→ How to complete this task: Retype, word for word, each line between the lines holding "Тренировка на рельеф" and "A group of Springboks", inclusive, and leave the rest of the data alone.

##########

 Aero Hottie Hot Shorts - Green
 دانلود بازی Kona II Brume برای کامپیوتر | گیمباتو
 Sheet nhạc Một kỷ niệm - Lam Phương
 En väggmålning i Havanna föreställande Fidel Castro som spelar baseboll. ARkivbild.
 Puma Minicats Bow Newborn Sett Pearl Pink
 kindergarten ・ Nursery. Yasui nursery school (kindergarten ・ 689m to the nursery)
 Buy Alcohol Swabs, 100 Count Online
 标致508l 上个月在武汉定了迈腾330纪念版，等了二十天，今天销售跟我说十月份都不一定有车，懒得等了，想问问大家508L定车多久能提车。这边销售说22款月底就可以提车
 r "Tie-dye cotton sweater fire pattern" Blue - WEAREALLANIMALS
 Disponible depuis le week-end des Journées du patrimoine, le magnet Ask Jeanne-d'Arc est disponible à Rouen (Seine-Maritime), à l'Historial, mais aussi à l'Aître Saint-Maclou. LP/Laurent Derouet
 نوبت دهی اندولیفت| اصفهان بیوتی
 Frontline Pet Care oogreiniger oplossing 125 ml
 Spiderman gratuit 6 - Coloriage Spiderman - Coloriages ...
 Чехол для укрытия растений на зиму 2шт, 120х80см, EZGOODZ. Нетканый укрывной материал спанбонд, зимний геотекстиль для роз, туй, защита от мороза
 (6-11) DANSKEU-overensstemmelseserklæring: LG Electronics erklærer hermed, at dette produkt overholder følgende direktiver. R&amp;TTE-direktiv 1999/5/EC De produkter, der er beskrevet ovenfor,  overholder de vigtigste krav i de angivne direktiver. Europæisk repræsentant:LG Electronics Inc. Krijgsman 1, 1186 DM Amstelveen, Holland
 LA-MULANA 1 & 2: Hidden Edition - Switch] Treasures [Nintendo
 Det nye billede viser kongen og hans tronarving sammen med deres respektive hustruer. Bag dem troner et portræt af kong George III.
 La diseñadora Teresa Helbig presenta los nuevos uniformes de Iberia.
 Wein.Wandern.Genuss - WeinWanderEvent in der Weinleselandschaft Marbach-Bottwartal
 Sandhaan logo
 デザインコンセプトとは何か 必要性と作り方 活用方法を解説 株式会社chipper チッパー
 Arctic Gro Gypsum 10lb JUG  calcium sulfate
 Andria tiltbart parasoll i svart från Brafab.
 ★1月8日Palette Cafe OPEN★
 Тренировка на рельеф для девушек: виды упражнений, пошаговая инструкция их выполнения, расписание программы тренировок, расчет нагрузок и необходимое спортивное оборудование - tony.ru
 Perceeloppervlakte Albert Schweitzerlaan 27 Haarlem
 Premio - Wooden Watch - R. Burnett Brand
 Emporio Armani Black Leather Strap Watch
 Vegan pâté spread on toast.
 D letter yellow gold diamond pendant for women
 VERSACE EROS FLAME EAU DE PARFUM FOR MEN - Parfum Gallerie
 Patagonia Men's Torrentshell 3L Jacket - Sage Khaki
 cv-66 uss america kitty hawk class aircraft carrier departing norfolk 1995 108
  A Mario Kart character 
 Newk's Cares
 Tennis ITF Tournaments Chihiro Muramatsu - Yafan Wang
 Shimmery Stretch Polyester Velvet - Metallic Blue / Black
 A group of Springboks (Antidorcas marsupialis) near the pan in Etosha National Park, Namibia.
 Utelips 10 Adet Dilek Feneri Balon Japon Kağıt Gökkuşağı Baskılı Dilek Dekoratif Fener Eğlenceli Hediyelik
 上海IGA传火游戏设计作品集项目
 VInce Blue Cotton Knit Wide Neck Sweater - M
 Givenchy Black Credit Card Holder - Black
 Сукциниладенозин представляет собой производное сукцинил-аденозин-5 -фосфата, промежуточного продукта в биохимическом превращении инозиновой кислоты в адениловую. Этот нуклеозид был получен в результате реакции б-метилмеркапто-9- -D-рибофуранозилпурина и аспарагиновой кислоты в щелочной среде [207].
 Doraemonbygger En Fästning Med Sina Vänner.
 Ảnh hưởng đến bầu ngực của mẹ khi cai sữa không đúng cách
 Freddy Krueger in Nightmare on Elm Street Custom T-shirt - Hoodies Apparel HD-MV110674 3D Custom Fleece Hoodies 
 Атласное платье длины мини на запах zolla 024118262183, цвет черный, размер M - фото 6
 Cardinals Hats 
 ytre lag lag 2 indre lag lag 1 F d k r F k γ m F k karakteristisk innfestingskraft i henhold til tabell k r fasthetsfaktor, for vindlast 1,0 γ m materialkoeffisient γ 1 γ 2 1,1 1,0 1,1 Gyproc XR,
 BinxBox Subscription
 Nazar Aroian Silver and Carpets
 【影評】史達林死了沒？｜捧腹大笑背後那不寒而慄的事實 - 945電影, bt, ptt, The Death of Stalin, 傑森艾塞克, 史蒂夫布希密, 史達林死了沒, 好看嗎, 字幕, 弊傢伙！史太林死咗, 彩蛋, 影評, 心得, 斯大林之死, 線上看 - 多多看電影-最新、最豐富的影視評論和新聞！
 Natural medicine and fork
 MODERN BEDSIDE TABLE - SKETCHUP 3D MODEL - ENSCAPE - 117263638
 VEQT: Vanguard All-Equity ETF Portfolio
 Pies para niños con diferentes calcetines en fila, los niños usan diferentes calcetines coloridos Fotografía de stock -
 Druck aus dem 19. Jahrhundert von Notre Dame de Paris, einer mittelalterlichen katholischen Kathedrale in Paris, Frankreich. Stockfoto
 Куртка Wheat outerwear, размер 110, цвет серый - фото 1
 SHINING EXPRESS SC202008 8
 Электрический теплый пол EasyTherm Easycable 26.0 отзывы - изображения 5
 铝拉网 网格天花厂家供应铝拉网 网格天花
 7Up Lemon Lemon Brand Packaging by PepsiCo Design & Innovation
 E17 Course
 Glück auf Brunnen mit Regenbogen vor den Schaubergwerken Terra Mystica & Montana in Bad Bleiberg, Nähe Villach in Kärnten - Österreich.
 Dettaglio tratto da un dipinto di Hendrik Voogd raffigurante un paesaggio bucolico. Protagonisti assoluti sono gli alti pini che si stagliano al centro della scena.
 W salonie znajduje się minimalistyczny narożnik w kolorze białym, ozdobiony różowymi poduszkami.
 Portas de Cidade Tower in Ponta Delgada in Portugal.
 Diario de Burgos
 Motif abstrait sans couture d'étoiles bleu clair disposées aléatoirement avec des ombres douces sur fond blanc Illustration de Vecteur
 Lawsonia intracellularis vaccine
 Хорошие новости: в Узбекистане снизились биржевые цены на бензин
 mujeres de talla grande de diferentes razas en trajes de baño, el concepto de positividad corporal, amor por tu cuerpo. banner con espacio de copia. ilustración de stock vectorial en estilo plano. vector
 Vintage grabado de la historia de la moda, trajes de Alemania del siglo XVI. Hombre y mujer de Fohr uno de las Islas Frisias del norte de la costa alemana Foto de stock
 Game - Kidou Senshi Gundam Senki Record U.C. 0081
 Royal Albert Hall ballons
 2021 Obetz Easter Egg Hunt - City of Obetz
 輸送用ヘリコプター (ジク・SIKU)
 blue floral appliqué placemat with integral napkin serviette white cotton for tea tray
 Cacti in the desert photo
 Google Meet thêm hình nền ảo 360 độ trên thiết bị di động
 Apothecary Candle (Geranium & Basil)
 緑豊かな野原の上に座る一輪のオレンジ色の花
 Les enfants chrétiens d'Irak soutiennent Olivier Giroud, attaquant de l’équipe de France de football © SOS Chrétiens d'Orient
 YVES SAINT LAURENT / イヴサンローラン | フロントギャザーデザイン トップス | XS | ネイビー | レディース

##########

→ Answer box:
 Тренировка на рельеф для девушек: виды упражнений, пошаговая инструкция их выполнения, расписание программы тренировок, расчет нагрузок и необходимое спортивное оборудование - tony.ru
 Perceeloppervlakte Albert Schweitzerlaan 27 Haarlem
 Premio - Wooden Watch - R. Burnett Brand
 Emporio Armani Black Leather Strap Watch
 Vegan pâté spread on toast.
 D letter yellow gold diamond pendant for women
 VERSACE EROS FLAME EAU DE PARFUM FOR MEN - Parfum Gallerie
 Patagonia Men's Torrentshell 3L Jacket - Sage Khaki
 cv-66 uss america kitty hawk class aircraft carrier departing norfolk 1995 108
  A Mario Kart character 
 Newk's Cares
 Tennis ITF Tournaments Chihiro Muramatsu - Yafan Wang
 Shimmery Stretch Polyester Velvet - Metallic Blue / Black
 A group of Springboks (Antidorcas marsupialis) near the pan in Etosha National Park, Namibia.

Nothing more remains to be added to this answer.